In the 1980s, barefoot skiing had its peak popularity. While it began as a fun acrobatic trick, the enthusiasm quickly caught on. “In the beginning, it was just an act in a ski show,” Zenon elaborates, “but Mike Seipel made it so that anybody could learn.” Throughout this decade, adventurous lake lovers sought coaching for this popular sport. But similar to skateboarding, its fame has ebbed and flowed with participation popularity through the years. In response, Zenon focuses on bringing this sport to a broader audience and emphasizes the joys and benefits of barefoot skiing.
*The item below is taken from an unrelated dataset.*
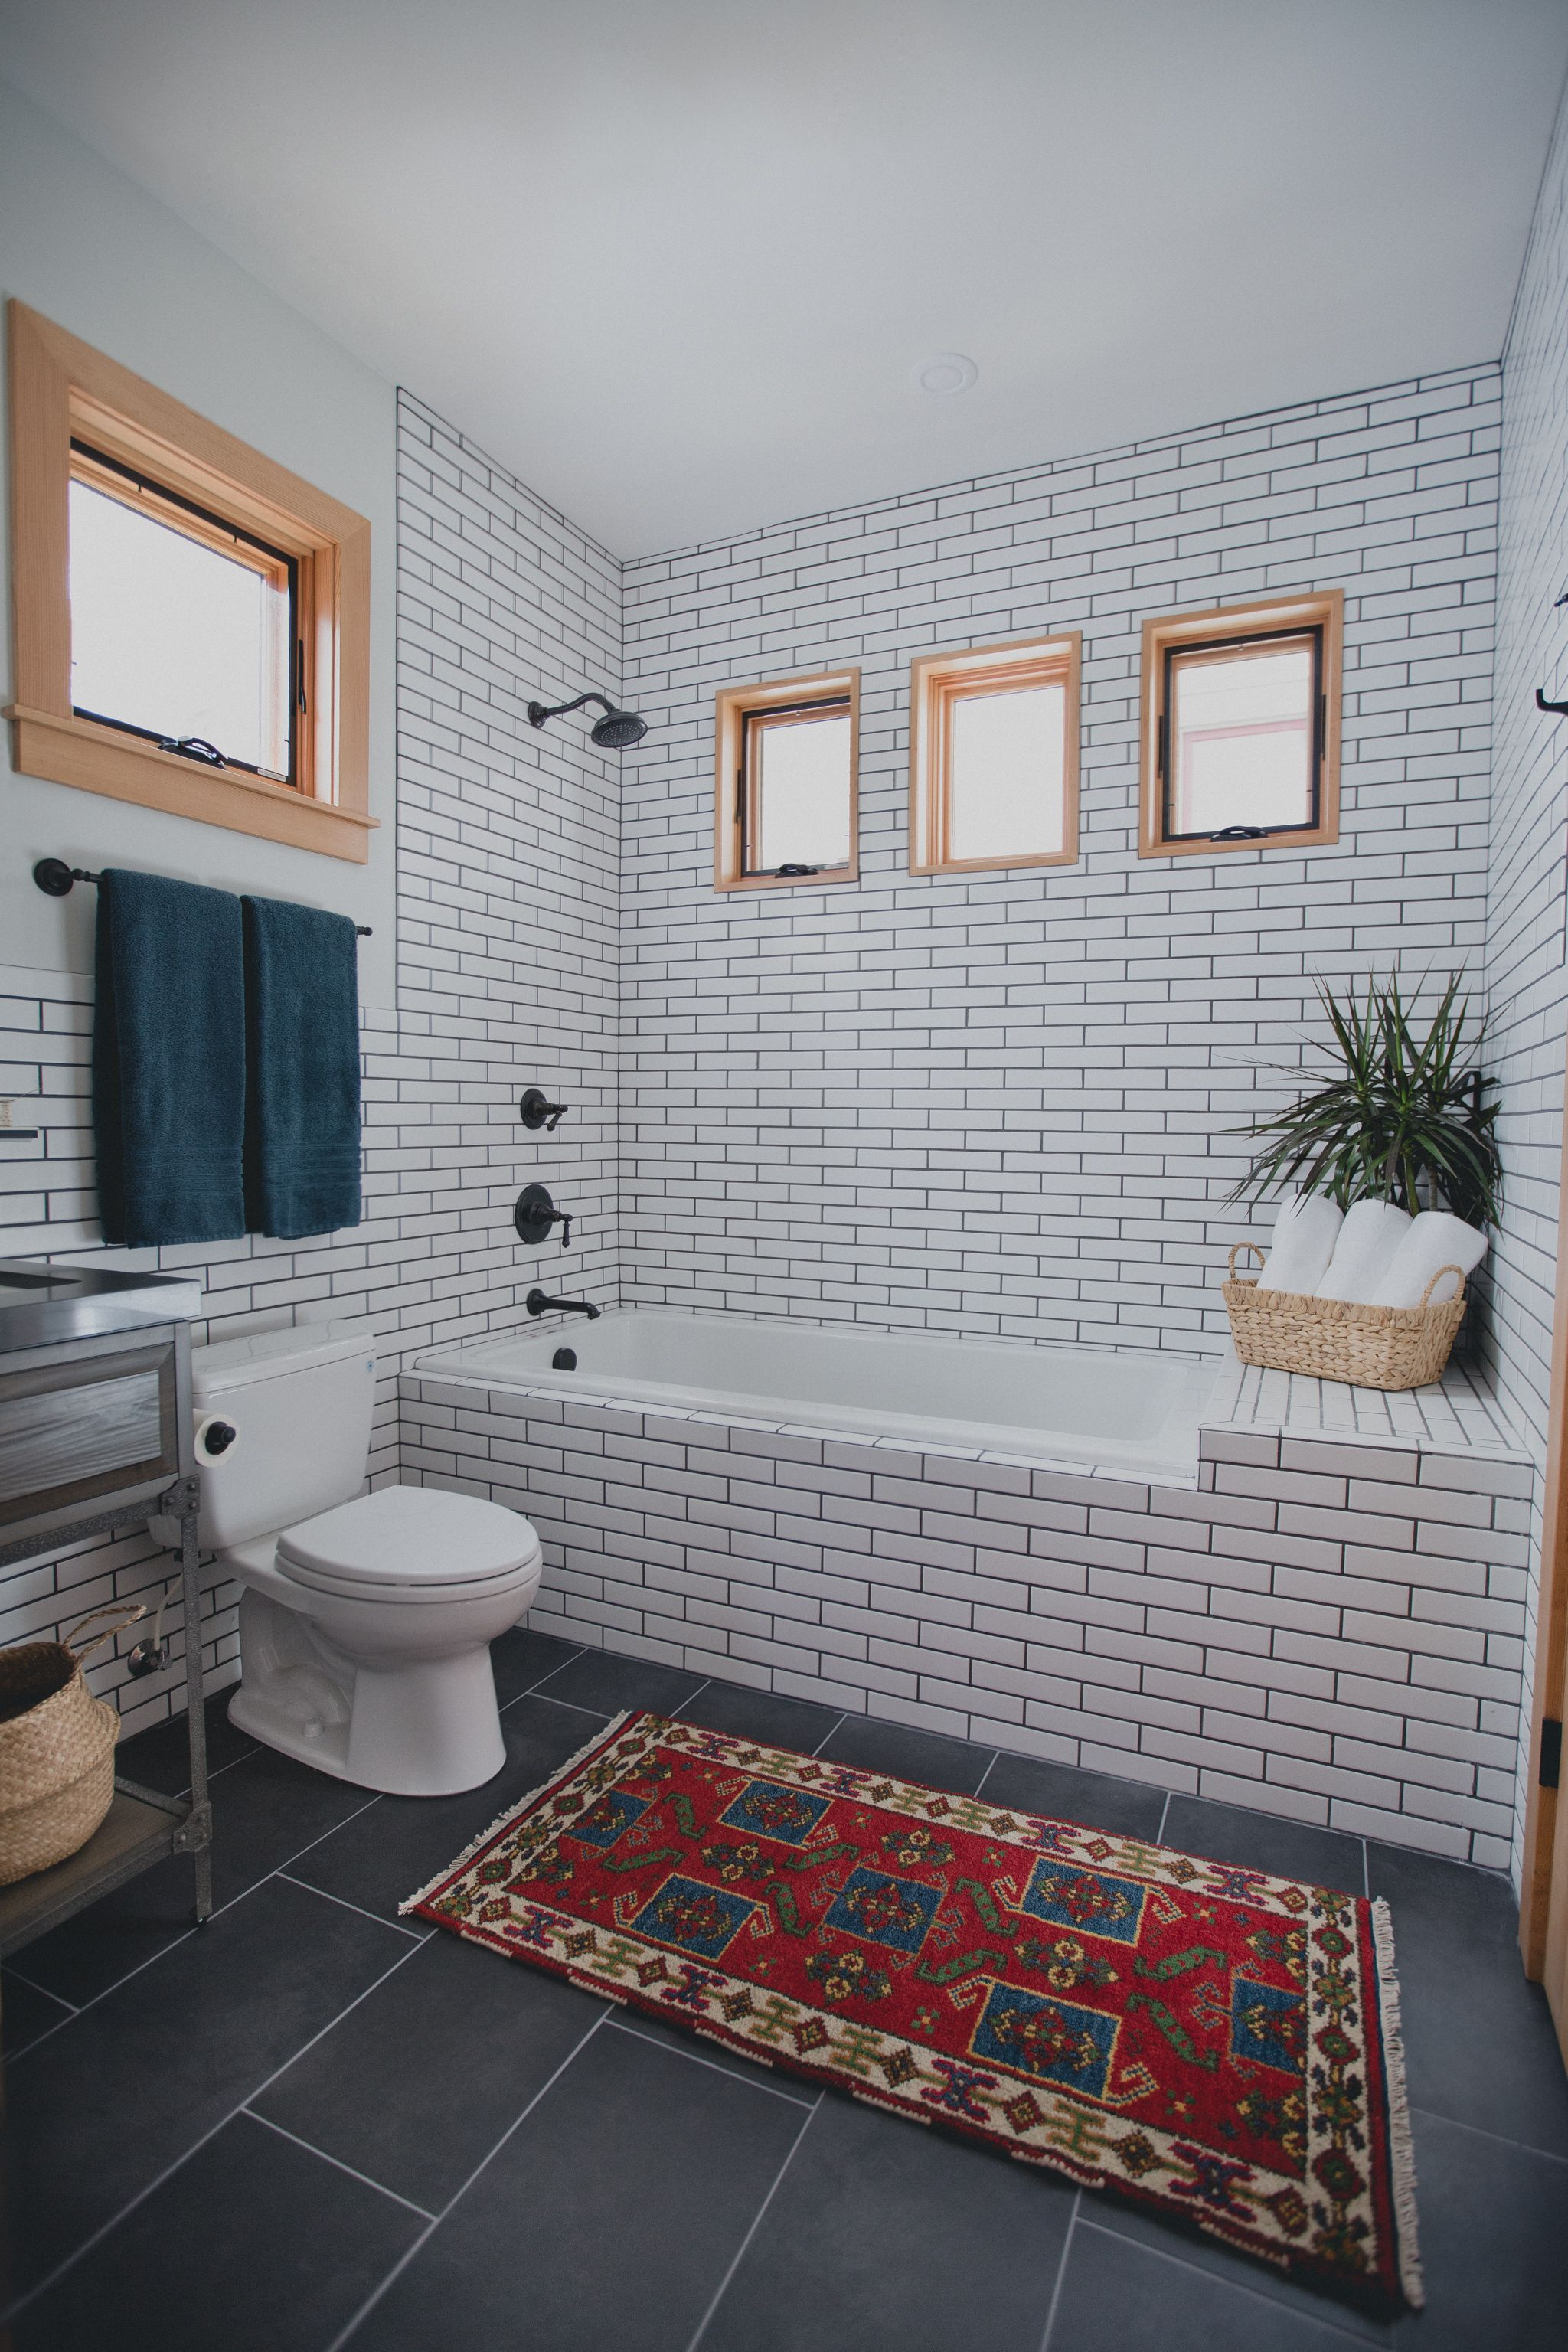 Pental Surfaces Up Tile In Black Http Www Pentalonline Com Blog P 4622 Small Bathroom Decor Bathroom Decor Small Bathroom

What’s Great About Barefoot Skiing

Photo courtesy of The Town-Crier

The barefoot skiing professionals make it look easy. But in reality, it’s a very exact and technical sport, which requires a high level of focus. “It’s not a daredevil sport,” Zenon says. “I see it as a Bruce Lee type of mind/body sport. Once you master focus, discipline, teaching, and knowledge, then you can do whatever you want out there.” Because of this, one of the main benefits of barefoot skiing is the sense of focus that it provides you. “It’s the basis for how I am in my philosophy and my thinking,” Zenon says. Above and beyond the sport, the concentration that barefoot skiing requires can transfer to other areas of your life. Plus — it’s a great workout and an excellent way to spend time in the sun.

How Can I Learn?

Photo courtesy of St. Louis Boat & Sportshow

In Zenon’s view, people should be utilizing their boats to their potential by doing sports! If you decide to give barefoot skiing a shot, it’s best to get a coach. “Trial and error is not a good way of learning,” he advises. “Being coached from the beginning is the best way to do it. Having a patient person next to you in the water can make the biggest difference in your skill development and confidence.” In fact, Zenon attributes his own development as a skier to his brother’s friend, who coached him through his first foray into barefoot skiing. The second part of the equation is driving. “The better the driver, the better the success will be for the person behind the boat,” he says. “It’s a collaboration.”